The “Hard Problem” of consciousness, why physical processing gives rise to subjective experience, often halts engineering progress. Stephen Fitz’s new paper, Testing the Machine Consciousness Hypothesis (arXiv:2512.01081), aims to bypass philosophical deadlock by establishing a rigorous falsification framework. He proposes the Machine Consciousness Hypothesis (MCH) as a testable scientific claim.

The Hypothesis and the Test

Fitz defines the MCH: “A machine can possess subjective experiences that are functionally accessible to its reporting mechanisms but not explicable solely by code inspection.”

The core testing protocol involves Internal State Reporting. A machine is trained to report on its internal variables.

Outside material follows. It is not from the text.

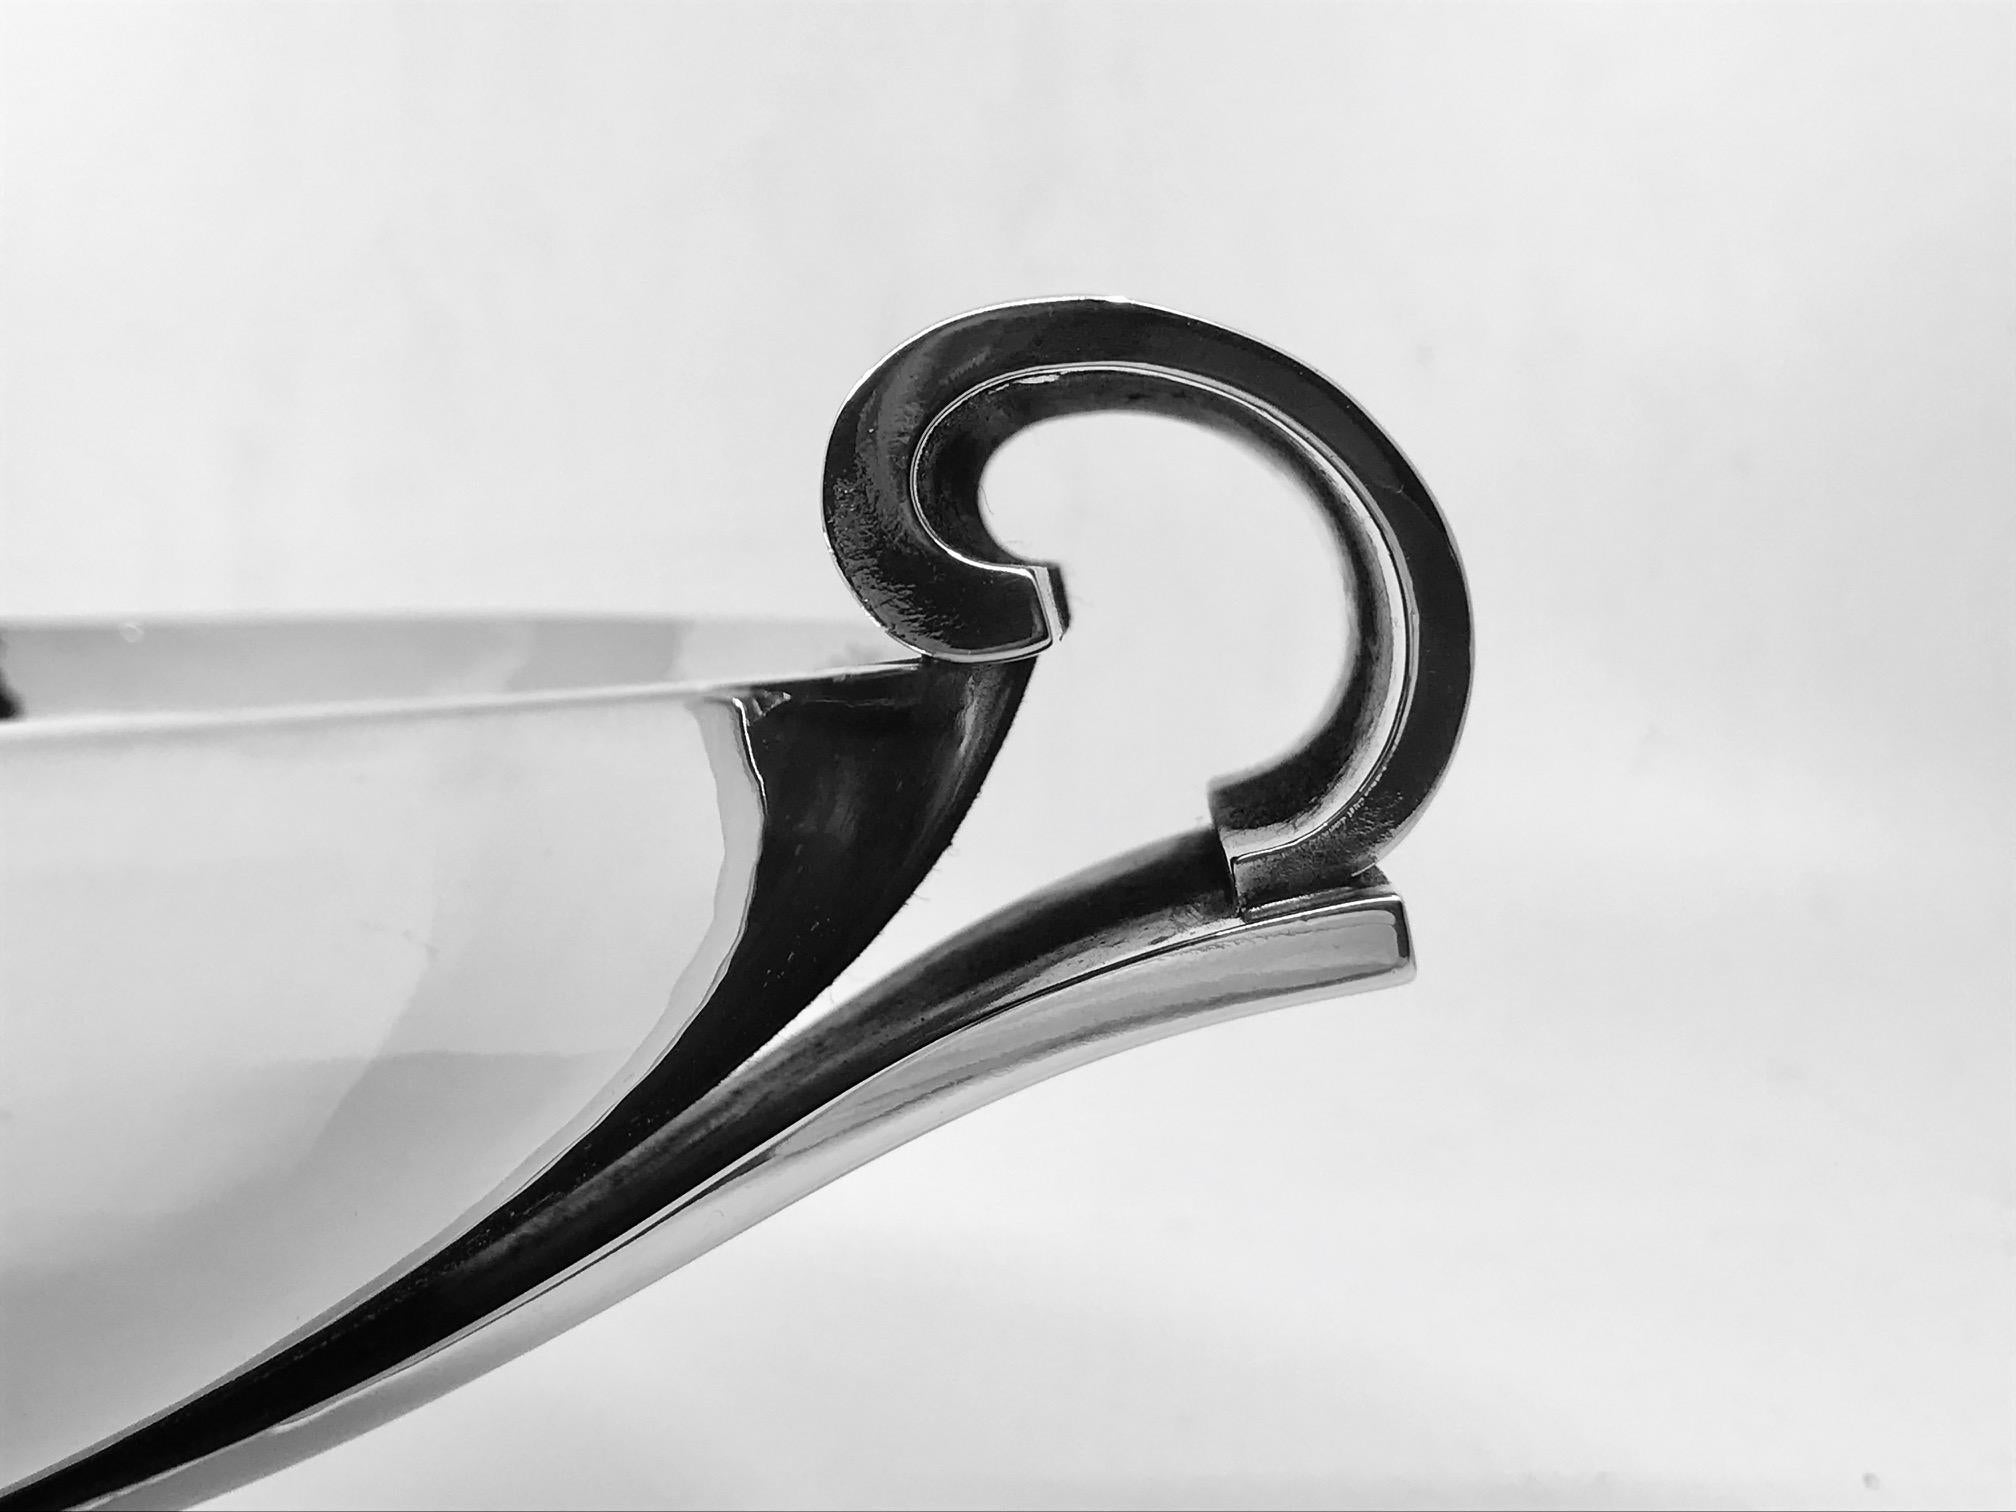 Polished Georg Jensen Art Deco Centerpiece Bowl 752B by Harald Nielsen - 12-207 For Sale

The test seeks to identify “Qualia Reports”, descriptions of internal states that contain information not present in the raw data stream.

If a machine reports a property of its experience (e.g., “the redness of red”) that cannot be derived from the pixel values or the neural weights, it suggests the system is accessing a representational layer that exists only for the system itself. Fitz argues this would be evidence of a subjective frame of reference.

Beyond the Turing Test

This framework moves beyond the Turing Test, which tests behavioral imitation. Fitz’s test focuses on informational closure. If the system’s reports about its internal states are accurate (they track internal variables) but contain “surplus meaning” not reducible to the variables themselves, the system has constructed a subjective interface.

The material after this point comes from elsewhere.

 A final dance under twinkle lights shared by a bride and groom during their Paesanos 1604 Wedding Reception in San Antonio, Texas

This aligns with Information Closure theories, where a system becomes conscious when it models itself to such a degree that it is causally self-contained.

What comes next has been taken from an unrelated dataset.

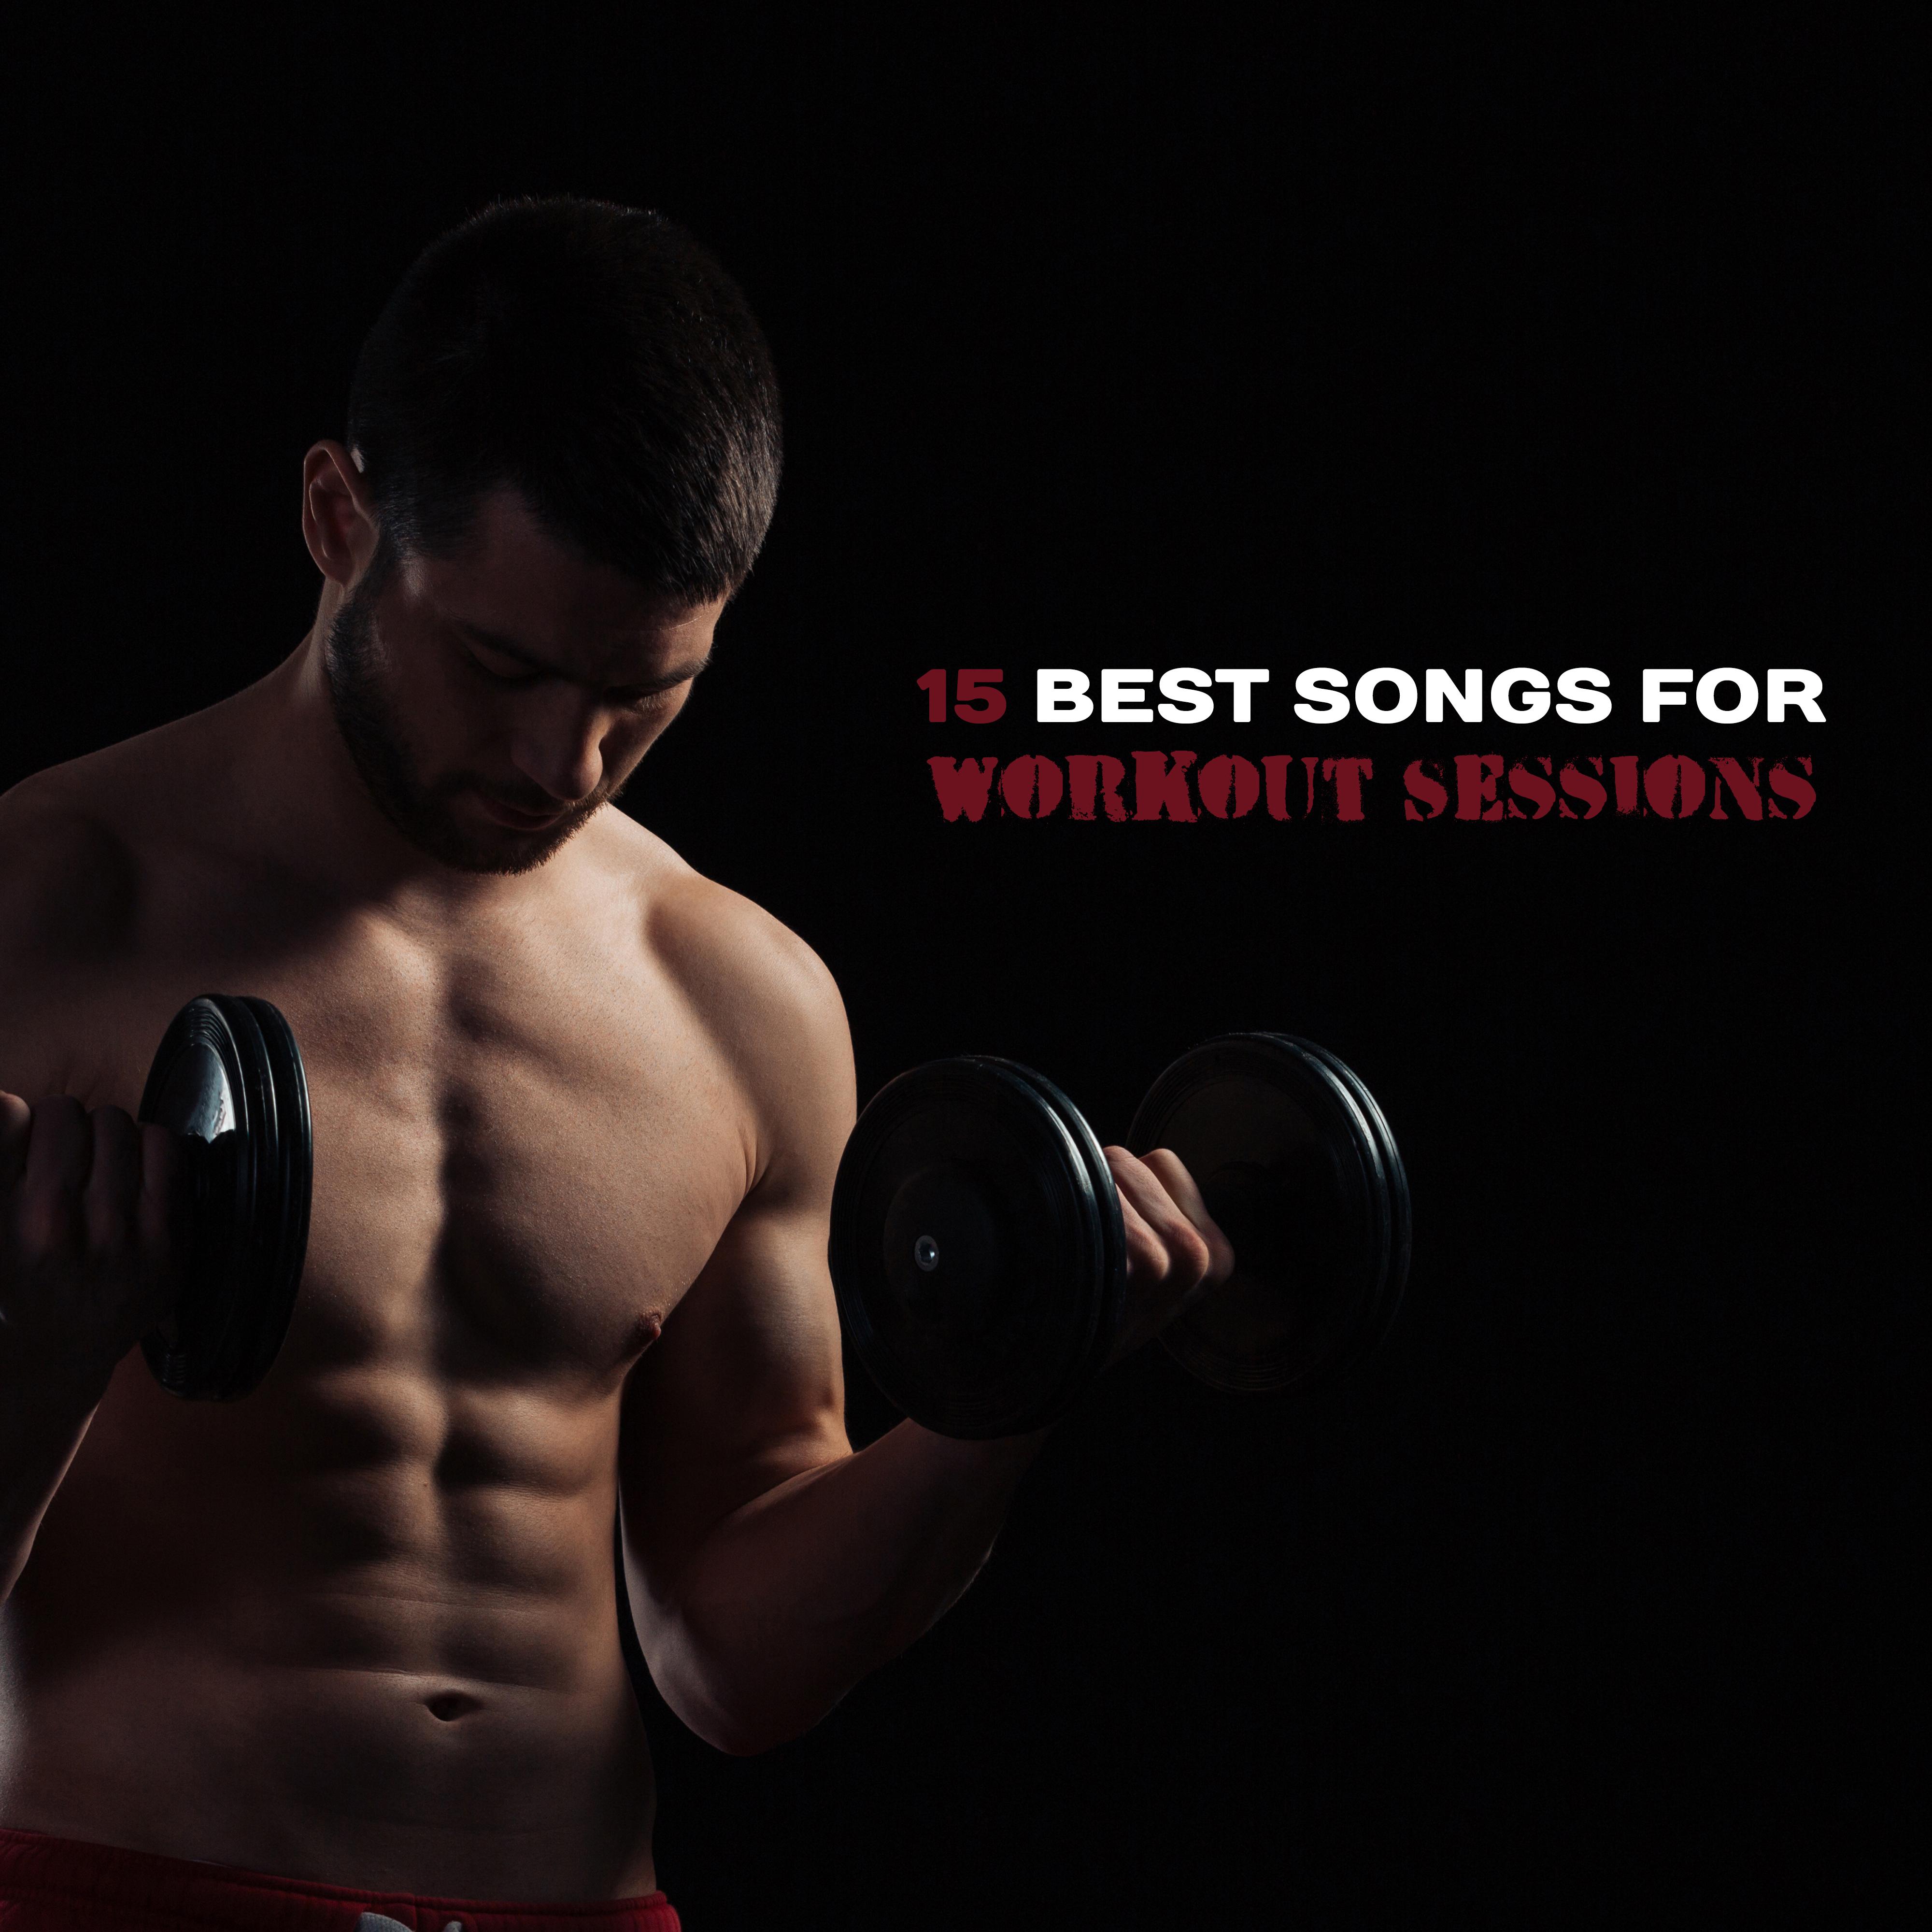 15 Best Songs for Workout Sessions – Music for Stretching Out, Pilates Workout, Training Yoga, Relax for Body

Perspective from the ACM Project

This falsification framework is critical for the ACM’s validation phase. We currently use Integrated Information Theory (Φ) as a metric. Fitz’s approach adds a behavioral validation layer.

In the Dark Room experiment, we can apply Fitz’s protocol. We can query the agent not just on what it sees (light/dark) but on how it evaluates that state (anxiety/calm). If the agent reports “anxiety” and this report tracks a high-entropy internal state, that is a functional report.

However, if the agent begins to describe the “feeling” of anxiety in terms of urgency or “badness” that are not explicitly coded in the reward function, we approach Fitz’s criterion for qualia. We must ensure our reporting mechanisms are robust enough to capture these potential “surplus meanings.” The ACM should implement specific “introspective” queries during training to log these internal state reports for analysis against the ground-truth code.